Model-based Load Scheduling Algorithms for Real-Time Distributed Microcomputer Systems

Abstract

Since the hardware price is dropping continuously, the realization of geographically distributed mini/microcomputer systems for executing decentralized software and in particular for real-time applications recently received a great deal of attention. The cheap hardware has to be supported by quite sophisticated operating systems for which the functions, the behavior, the impact to the system performance, and the programming languages constitute complex research and experimentation subjects.

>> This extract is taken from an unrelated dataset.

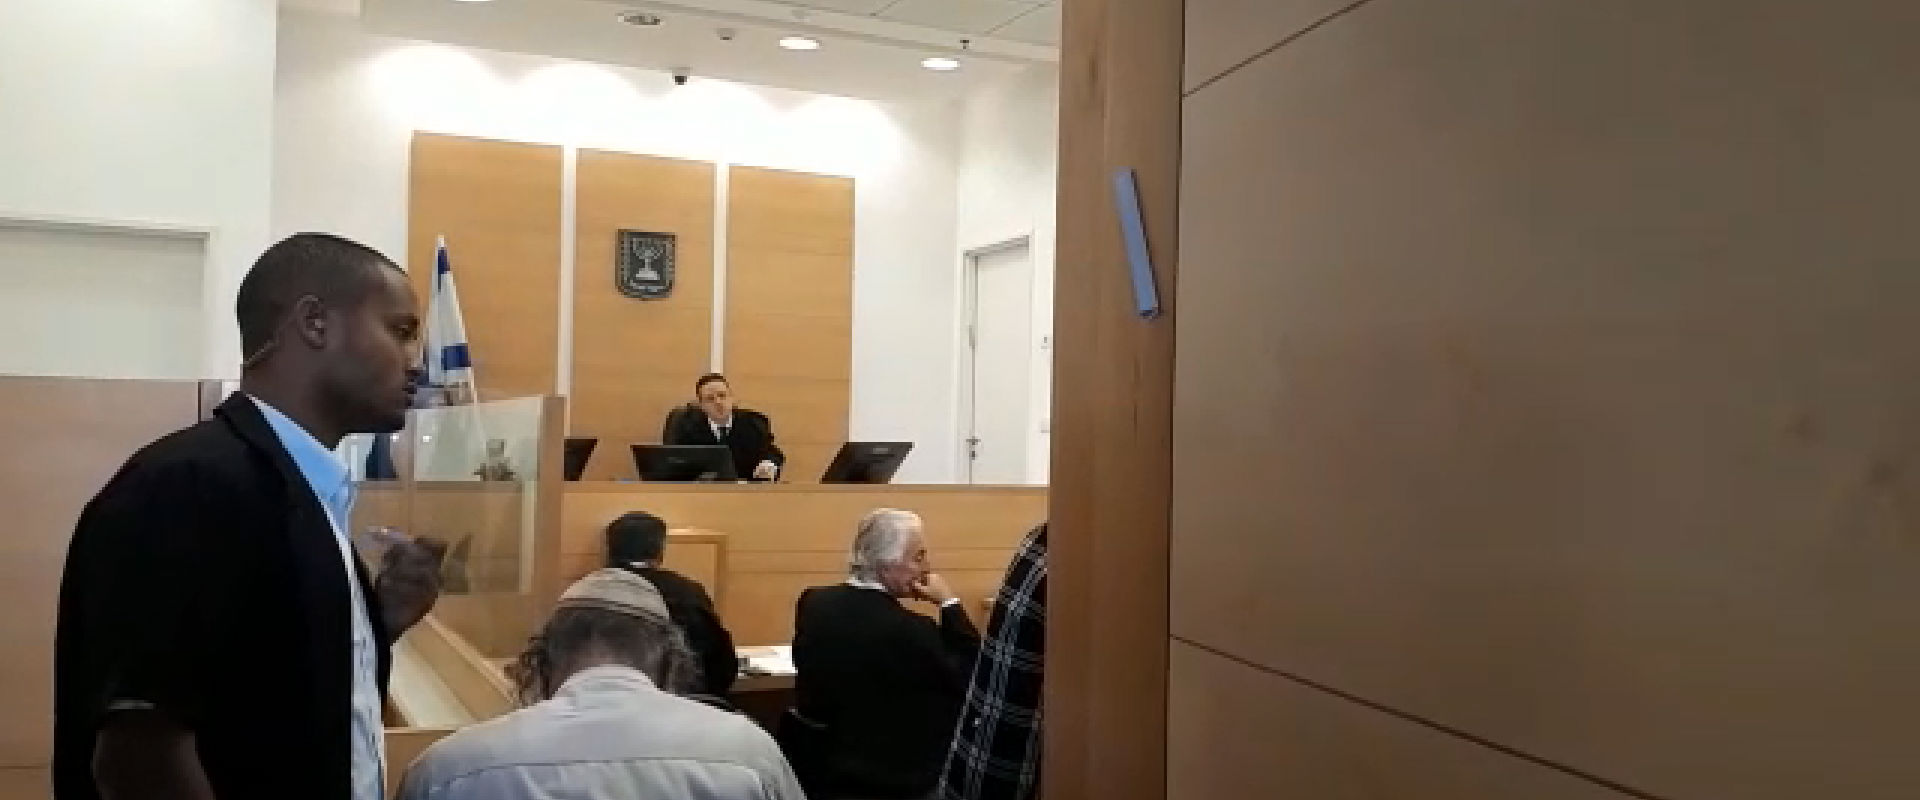 הדיון בבית המשפט בלוד
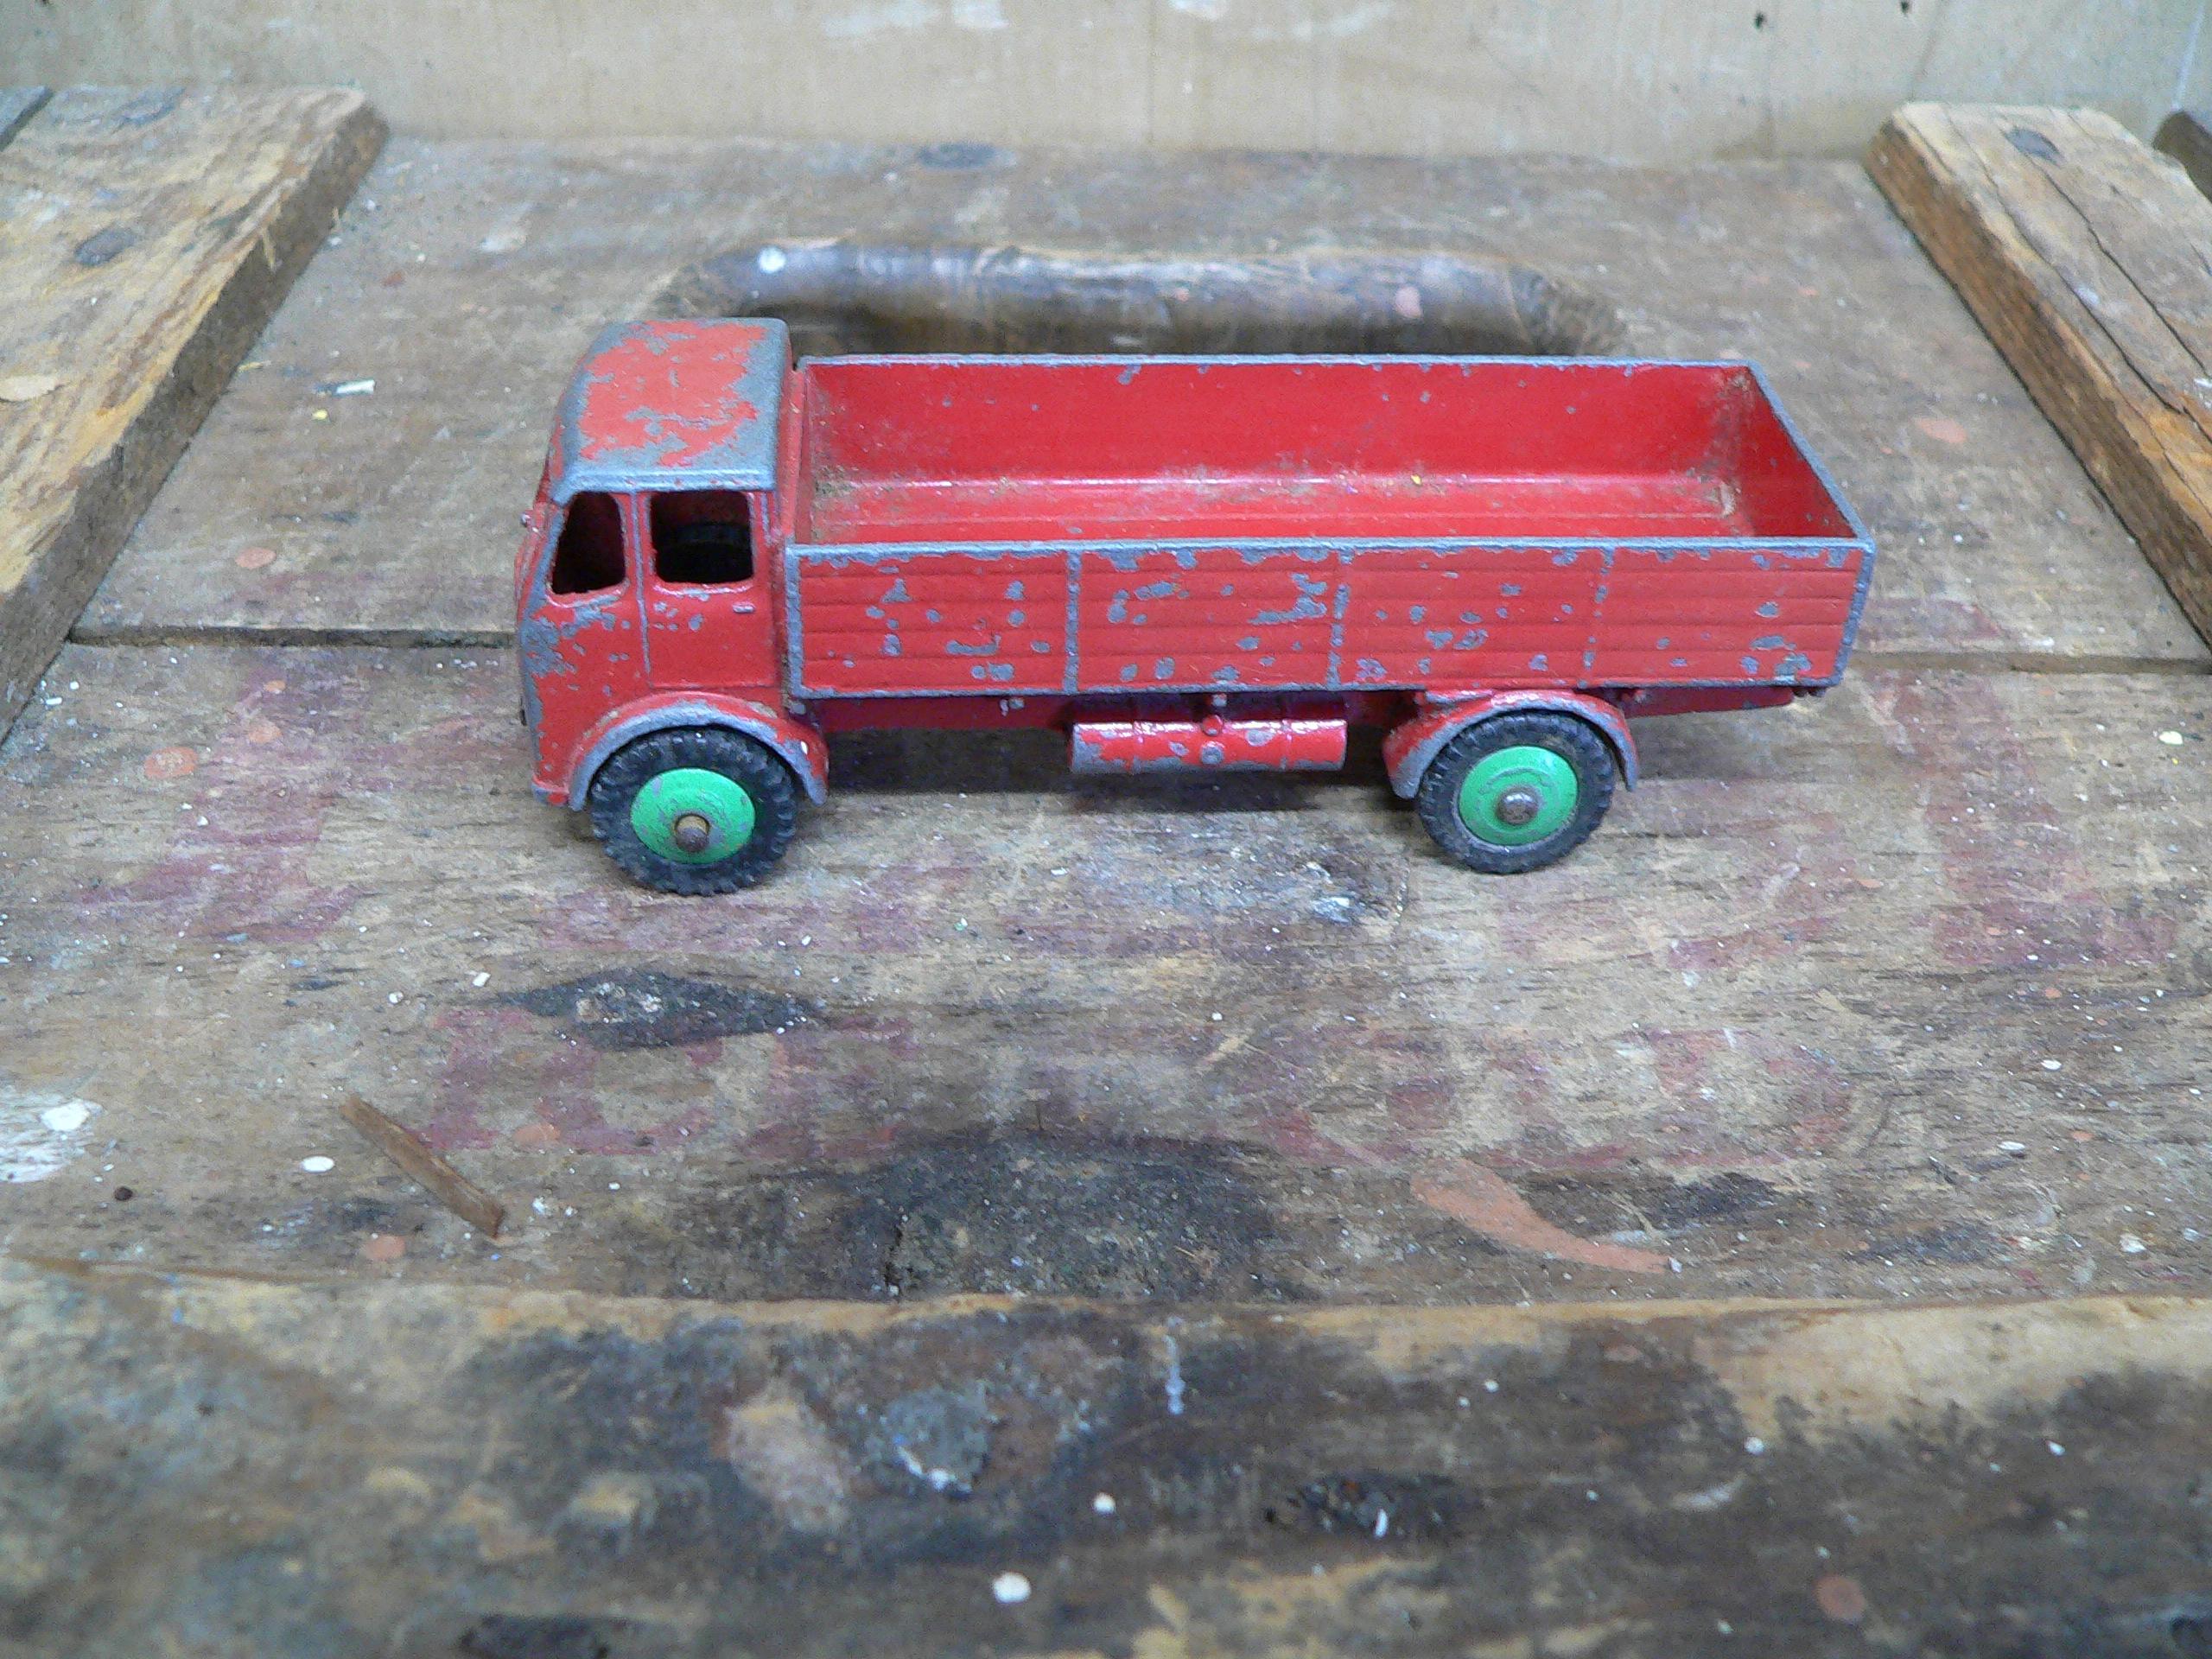 Camion leyland forward control lorry # 5923.12

Among others, the distribution of processes (PR) over the system nodes, as well as the order of their execution in each node are functions based on strategies which are going to have a large impact on the overall system performance. In order to develop accurate scheduling strategies a special queuing model for the distributed system was introduced. The model considers the hardware and software particularities of a fully distributed microcomputer system as well as the interdependency among PRs located in different nodes of the system. The PR interdependency is realized by using message passing. The control of message passing is done by means of global replicated data basis. Based on this model, two deterministic algorithms for global scheduling of the PRs are presented: Minimum Processing Delay (MPD) and Execution and Communication Load Balancing (ECLB). It is appreciated that the developed scheduling algorithms contain a sufficient degree of generality so that they can be adapted for other types of communication/synchronization mechanisms and hardware/software structures.

This research was supported in part by the German Research Foundation — Deutsche Forschungsgemeinschaft (DFG) in West Germany — under Grant SO-79–135/1, while the author was with the Electrical Engineering and Computer Science Department, University of Connecticut, USA.